1.3. Творчество как процесс

Характеризуя творчество, одна часть исследователей акцентируется на полученном результате, другая – на процессе его получения.

Многие ученые пытались понять условия рождения нового и последовательность происходящих при этом событий. Т. Рибо [148] выделил три фазы в процессе порождения нового решения:

– накопление фактов или опыта;

– вызревание (или высиживание) будущего проекта или образа;

– рождение нового.

Процесс вызревания представляется наименее ясным, так как происходит преимущественно неосознанно. «Когда эта скрытая работа в достаточной степени выполнена, идея решения является внезапно, вследствие умышленного умственного напряжения или при каком-нибудь умственном замечании, как бы поднимающем завесу, за которой скрывался образ предполагавшегося решения» [148, с. 228].

О подобной последовательности часто говорят сами ученые в своих мемуарах. Одно из самых известных воспоминаний о рождении гипотезы оставил А. Пуанкаре [144] – французский математик, открывший свойства автоморфных функций. Начав работу над уравнениями, решение которых никак ему не давалось, он прервал ее и отправился в геологическую экспедицию. Именно там, когда он максимально отвлекся от предшествующей задачи и практически забыл о ней, его посетило решение: «Когда мы прибыли в Кутансе, мы садились в омнибус, чтобы ехать куда-то еще. И в момент, когда я поставил ногу на подножку, ко мне без всякой видимой подготовки мысли пришла идея, что преобразования, которые я использовал в определении автоморфных функций, идентичны преобразованиям неевклидовой геометрии» [144, с. 360]. Пуанкаре был исследователем, а потому попытался понять, как в нем самом зародилось новое решение. Он предположил существование особой сущности – «подсознательного Я», которое неосознанно смешивает ментальные атомы разума – идеи. Когда формируется интересная, соответствующая задаче и эстетическим требованиям комбинация, она попадает в сознание [253]. Существуют современные последователи такого представления, которые предполагают наличие неосознаваемого механизма, который отвечает за формирование случайных рекомбинаций идей и селективное их воспроизведение [214, 274].

Другой не менее известный ученый XIX столетия – Герман Гельмгольц – предположил, что смена деятельности при невозможности сразу решить сложную проблему освобождает человека от усталости, что и провоцирует решение.
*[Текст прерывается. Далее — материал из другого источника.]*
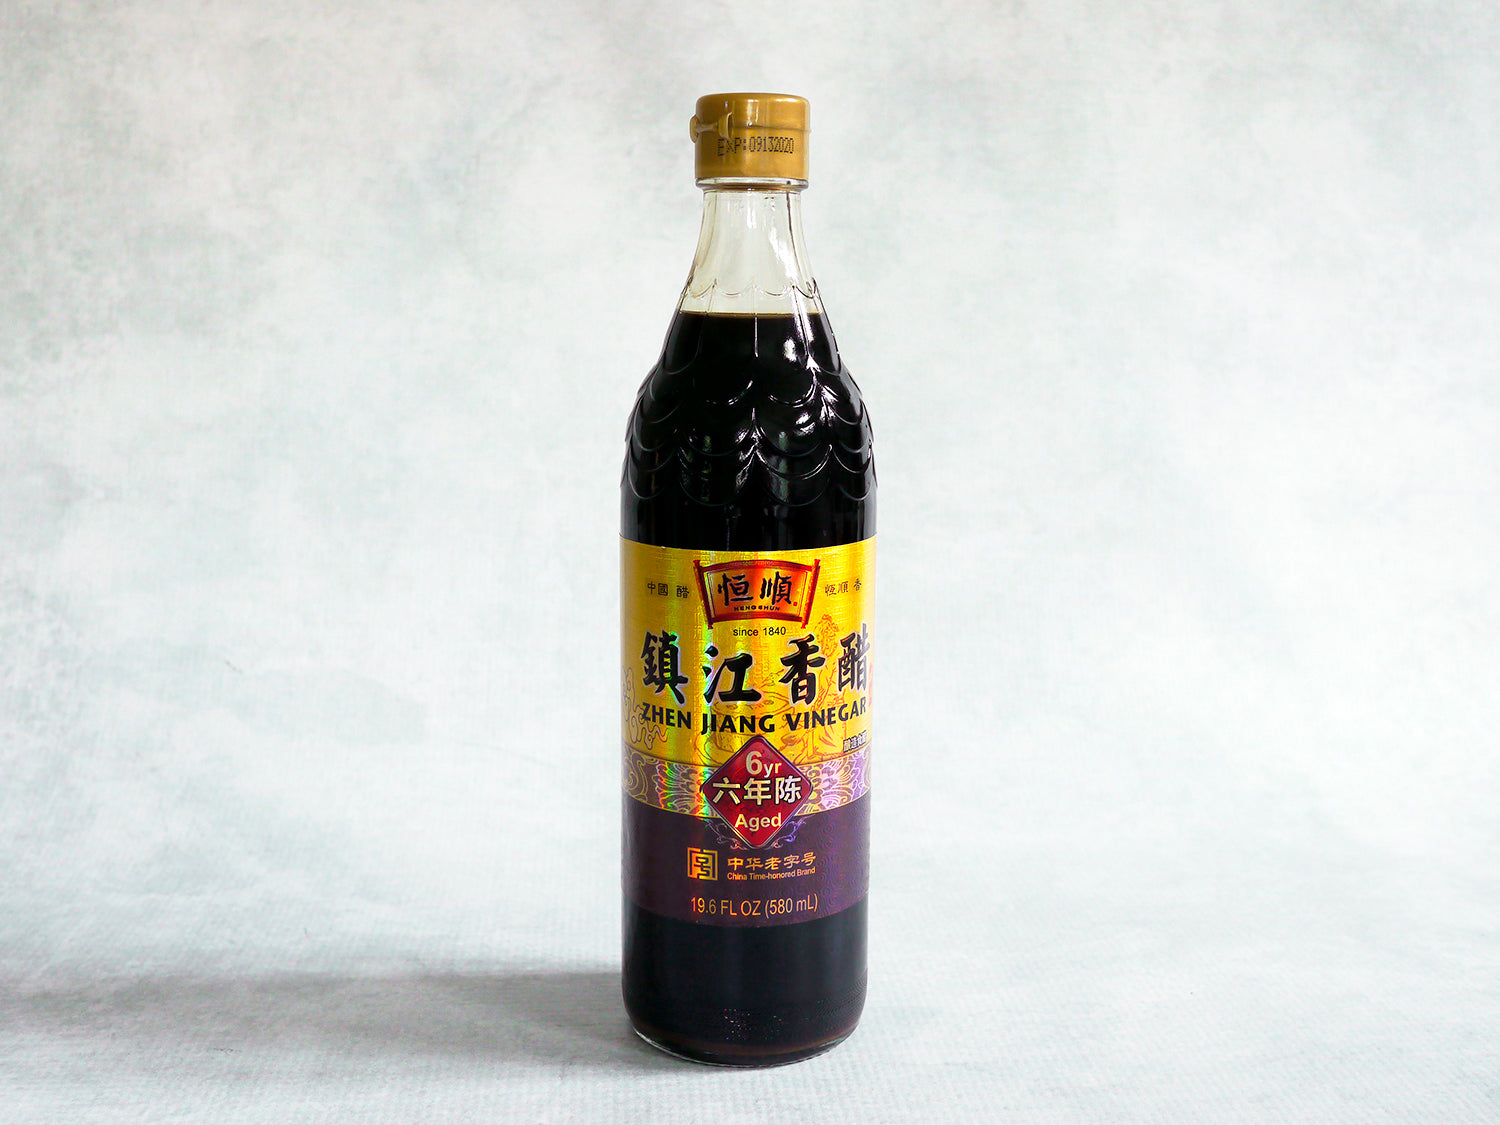 Zhenjiang Handcrafted Vinegar, Aged 6 Years (Chinkiang Black Vinegar)

Сейчас такая гипотеза называется гипотезой исчезновения усталости [270].

Также существует теория, что неосознаваемое решение обеспечивается распространяющейся долговременной активацией в ассоциативной вербальной сети [210]. Это ведет к объединению отдаленных кусочков знания. Согласно Р. Вудвортсу (R. Woodworth) [297], во время перерыва в мыслительной деятельности неверные ассоциации, которые блокируют решение, ослабляются, что позволяет заново взглянуть на проблему. Из этой идеи возникла гипотеза селективного забывания, согласно которой ослабление нерелевантной информации происходит в рабочей памяти при сдвиге внимания с проблемы, в то время как долговременная память аккумулирует больше существенной информации [274].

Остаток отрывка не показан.